«Des gens savaient au sein de l'Église»: François Ozon dénonce l’omerta autour de l’abbé Pierre

«Voilà un vieux grand-père indigne», déclare François Ozon à propos de l’abbé Pierre dans les colonnes de La Tribune dimanche . À l’occasion de la sortie de son nouveau film, Quand vient l'automne , le réalisateur de Grâce à Dieu s’est exprimé sur les accusations d’abus sexuels à l’encontre de l’abbé Pierre.

«Heureusement que le pape ne l'a pas sanctifié», poursuit-il. Le réalisateur de Grâce à Dieu, un film qui retrace l'affaire Preynat, l’aumônier condamné pour avoir agressé sexuellement des enfants entre 1972 et 1991, a déclaré : «Je connais bien le monde de l'Église donc je n'ai pas été surpris par ces révélations, mais je l'ai plutôt été par le silence de tous ces gens qui savaient au sein de l'Église: même le pape était au courant.»

Accusé par une vingtaine de femmes de violences sexuelles, l'abbé Pierre, mort à 94 ans en 2007, fut pendant un demi-siècle le curé des pauvres, des sans-toits et des sans-droits, ce qui lui valut le soutien et l'admiration des Français. Mais la publication d’un rapport révélé vendredi 6 juillet accable l'homme d'église, Henri Grouès de son vrai nom. Au total, 24 femmes accusent le prêtre de violences sexuelles, entre 1950 et les années 2000. Interrogé à ce sujet le 13 septembre, le pape François a affirmé : «Je ne sais pas à partir de quand le Vatican savait parce que je n'étais pas là et qu'il ne me serait jamais venu à l'idée de lancer une recherche à ce sujet.» Et d’ajouter : «Après la mort (de l'abbé Pierre), c'est sûr mais avant, je ne sais pas.»
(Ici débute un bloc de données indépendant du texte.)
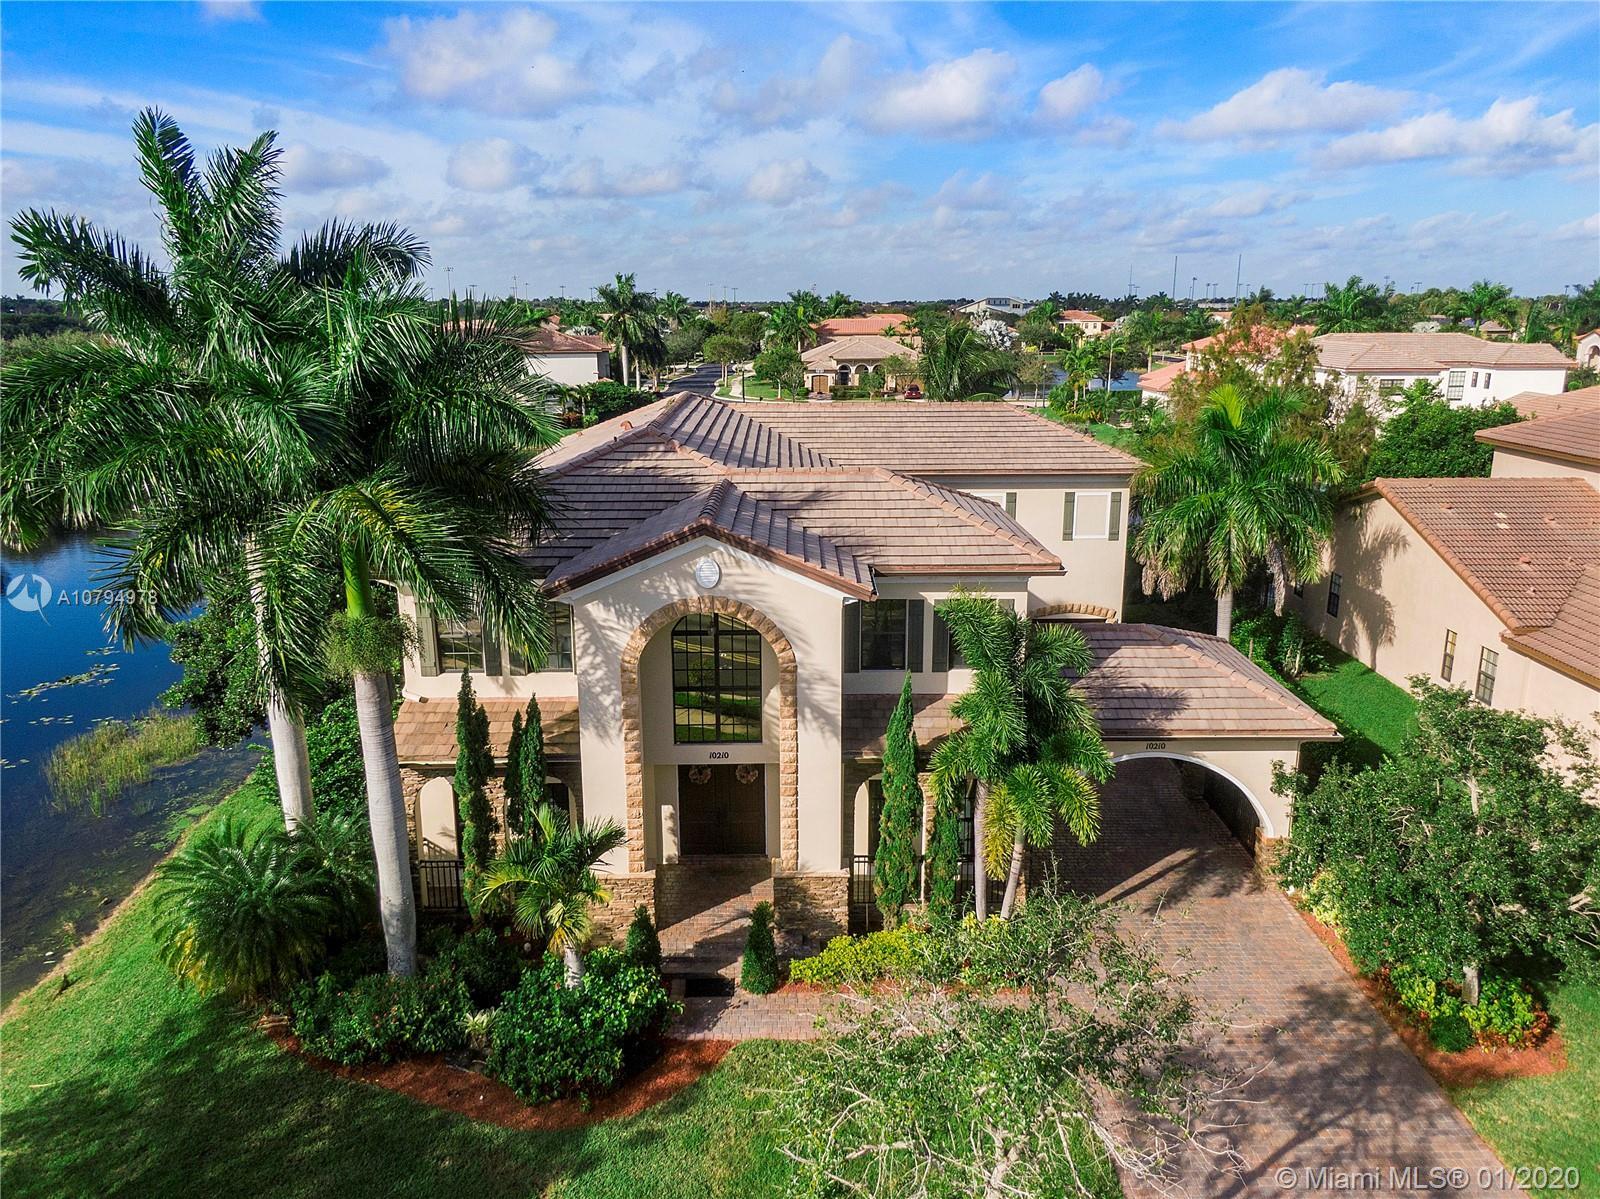 10210 NW Majestic Trl - Parkland, Florida
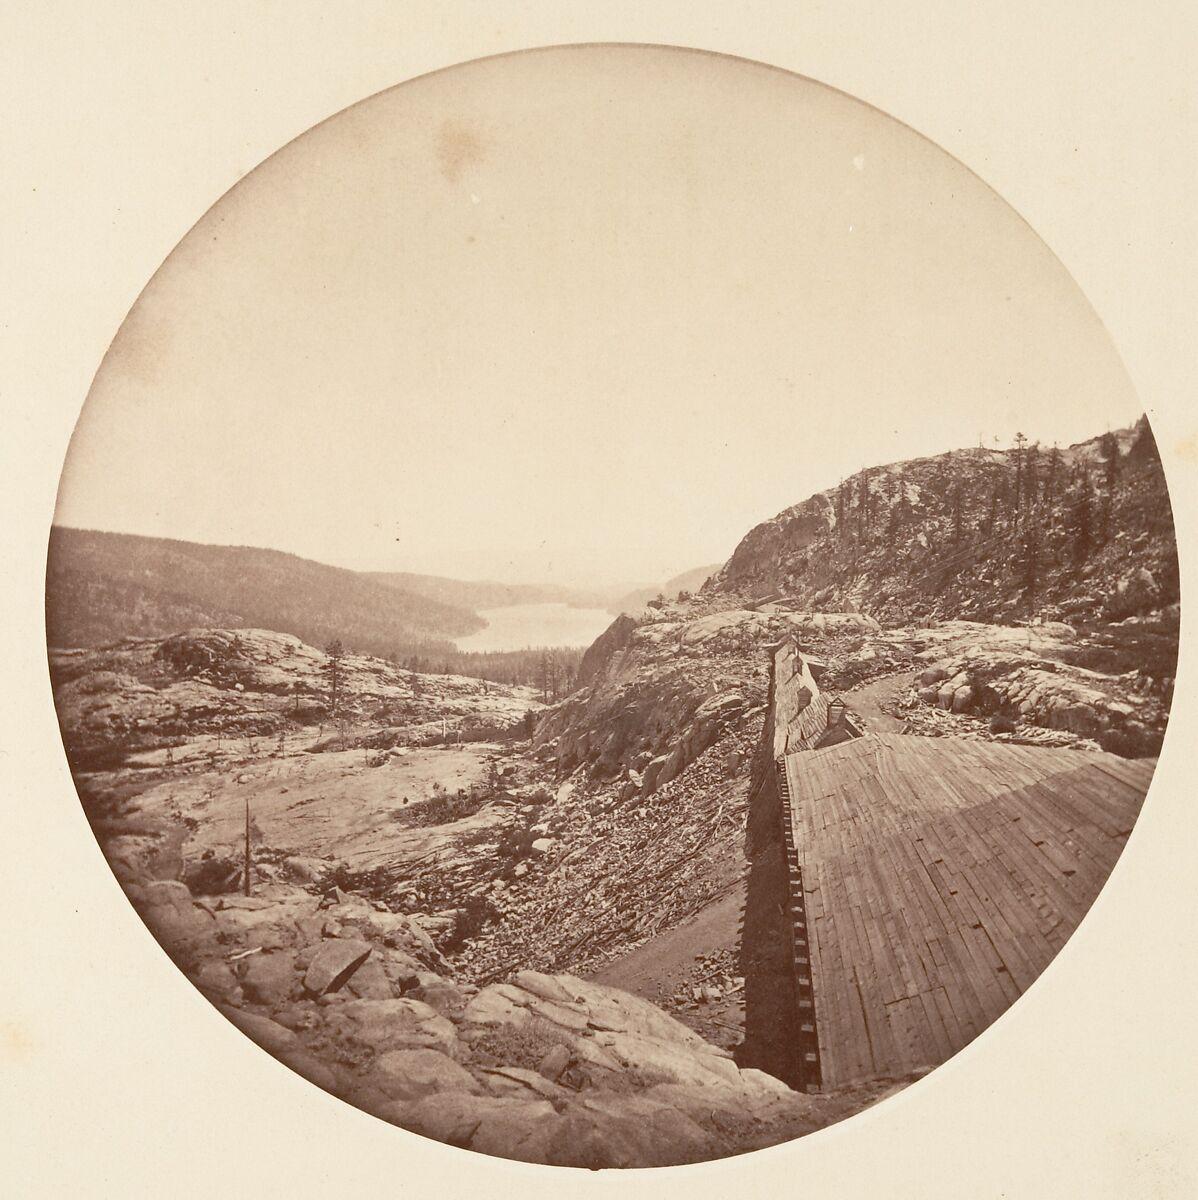 Carleton E. Watkins | [Yosemite National Park, California] | The Met

«La complexité de l’être humain»

Pour le réalisateur, cette affaire témoigne «de la complexité de l'être humain». «Dans sa vie, l'abbé Pierre a aussi créé des choses extrêmement positives», déclare-t-il. Avant d’ajouter: «C'est cette balance entre les deux qui est très perturbante, à laquelle s'ajoute l'hypocrisie de l'Église et de ses gens de pouvoir, qui affichent un message de paix et d'amour, mais qui ne suivent pas les préceptes qu'ils inculquent aux autres.»

Le cinéaste avait déjà dénoncé cette forme d’hypocrisie dans son film Grâce à Dieu en 2019. Quelques semaines avant sa sortie, François Ozon avait dû essuyer les attaques des avocats du père Preynat, qui ne souhaitaient pas que le film sorte en salle avant la tenue du procès, pour ne pas porter atteinte à la présomption d’innocence. Après un pourvoi en cassation, le père Preynat avait été débouté de sa demande. Le réalisateur avait été également mis en demeure par Régine Maire, ex-membre du diocèse de Lyon d'ôter son nom du film. Une demande également rejetée par la justice. 

« L'omerta ne peut plus continuer. »

François Ozon

«Je ne juge pas, je montre les faits et c'est au spectateur de se faire sa propre opinion, expliquait au Figaro  le cinéaste. L'omerta ne peut plus continuer, on a l'impression qu'il y a encore une volonté de garder le silence sur cette affaire alors qu'elle a déjà éclaté.»

Dans son nouveau film Quand vient l'automne ,  qui sort en salle mercredi 2 octobre, François Ozon explore cette fois la vieillesse. Avec deux actrices de plus de 70 ans, Josiane Balasko et Hélène Vincent, le réalisateur livre un récit ancré dans le réel et intimiste. Alors que les deux protagonistes semblent mener une vie paisible à la campagne, l’histoire va finalement virer sur fonds de secrets de famille, de fantômes et de culpabilité.